夕餉ゆうげの時間になったらお呼びしますね」
 じっと真正面を見据え続ける男に、栗色の髪踊る背が向けられた。
 草を踏む軽快な音と共に、魔除けの香りが遠のいて行く。
 そしてまた、陽光降り注ぐ裏庭には男ひとりが残される。
 戒律と正義を厳格で織った白い外套に身を包む、吸血鬼始末人ソテール・ヴェルトール。
 彼が受け取った手紙には、戯曲の一節とも思える警告が記されていた。

『吸血鬼には 黄昏に死を待つ聖女の血を
 聖なる狩人には 暁に死を待つ狩人の血を
 滅びの使徒こそ復活の灯火ともしび

 急げ 急げ
 時を逃せば再び神の手に
 二度と戻らぬ』

 何をしろと言っているのか、分からないほど鈍くはない。
 羊皮紙の上を過よぎってゆく不滅の吸血鬼、迷える少年、金髪のデュランダル・クルースニク。
 少年を死に追いやったのはレネックだが、あの男は狩人ではない。
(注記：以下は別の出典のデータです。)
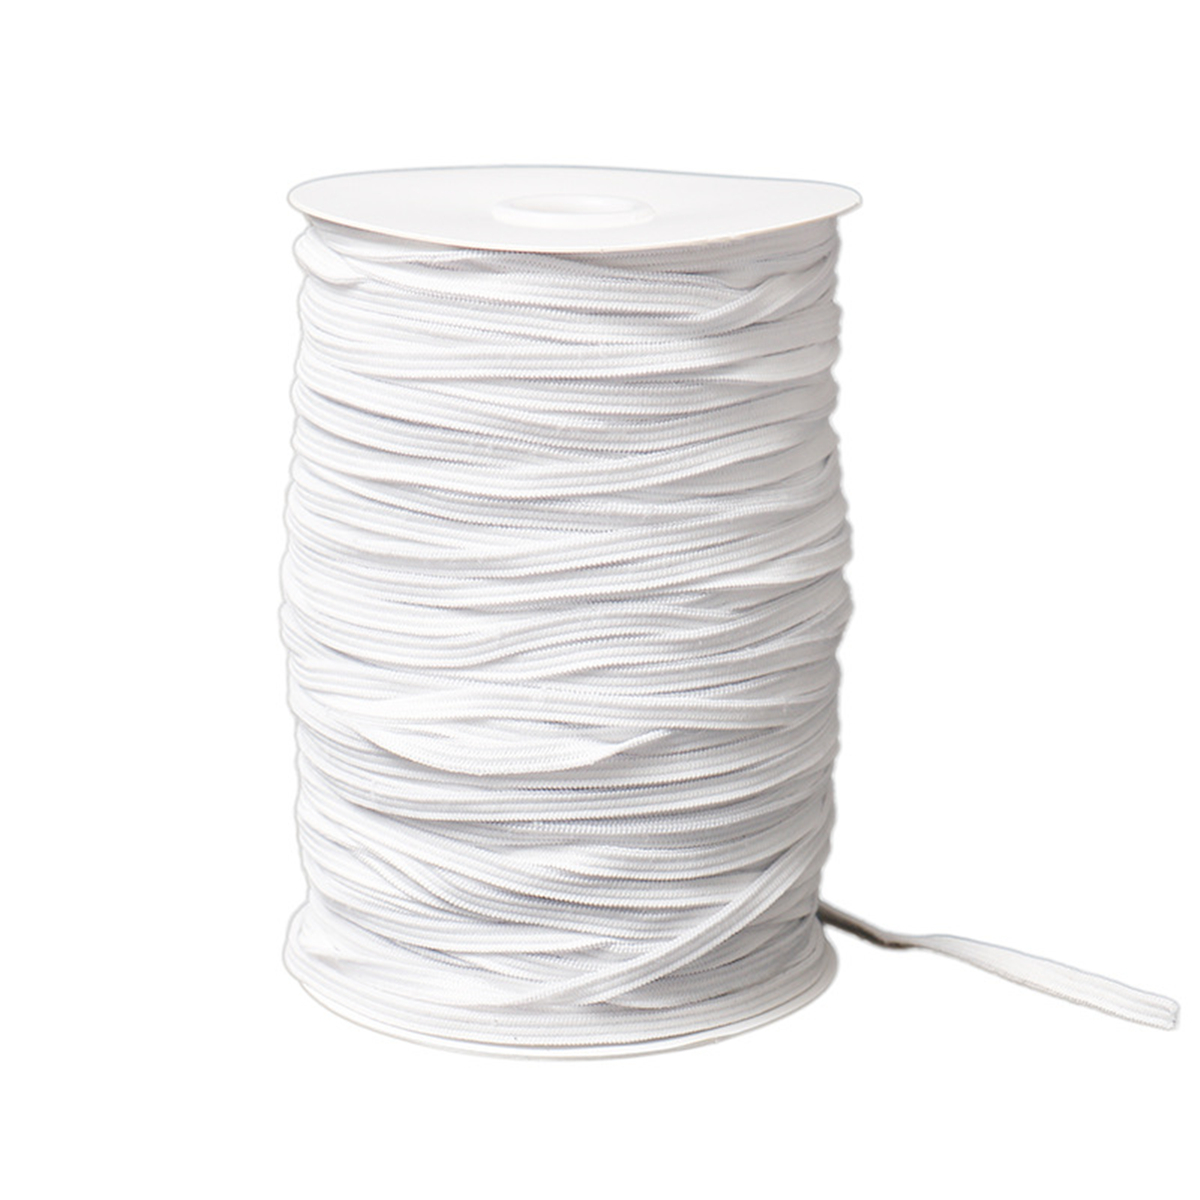 100160-Yards-DIY-Elastic-Band-Sewing-Crafting-Making-Braided-Cords-Knit-White-1671316-6

騎士だ。
 だとすればこの“狩人”が意味する名前は。
「カリスを殺せばフリードは──」
 言いかけて、ソテールは目を閉じ、耳をふさぎ、身体を折り、息を止めた。言い切ったが最後正気は保てないだろうと、確信した。
「言うな。思うな。喚くな。想像するな」
 若い緑に花の甘さが漂い、目に刺さるほど鮮やかな春の庭。
 階段にうずくまる男はぶつぶつとそれだけを口に繰り返し、地下墓地グロッタを──静寂と祈りに支配されたあの牢獄を──呼び覚まし、冷えた石の棺に己を縛り付ける。
 負荷に耐えかね暴走したがる感情を、鋼の理性で黙らせる。
 口はカラカラに渇き、声は掠れた。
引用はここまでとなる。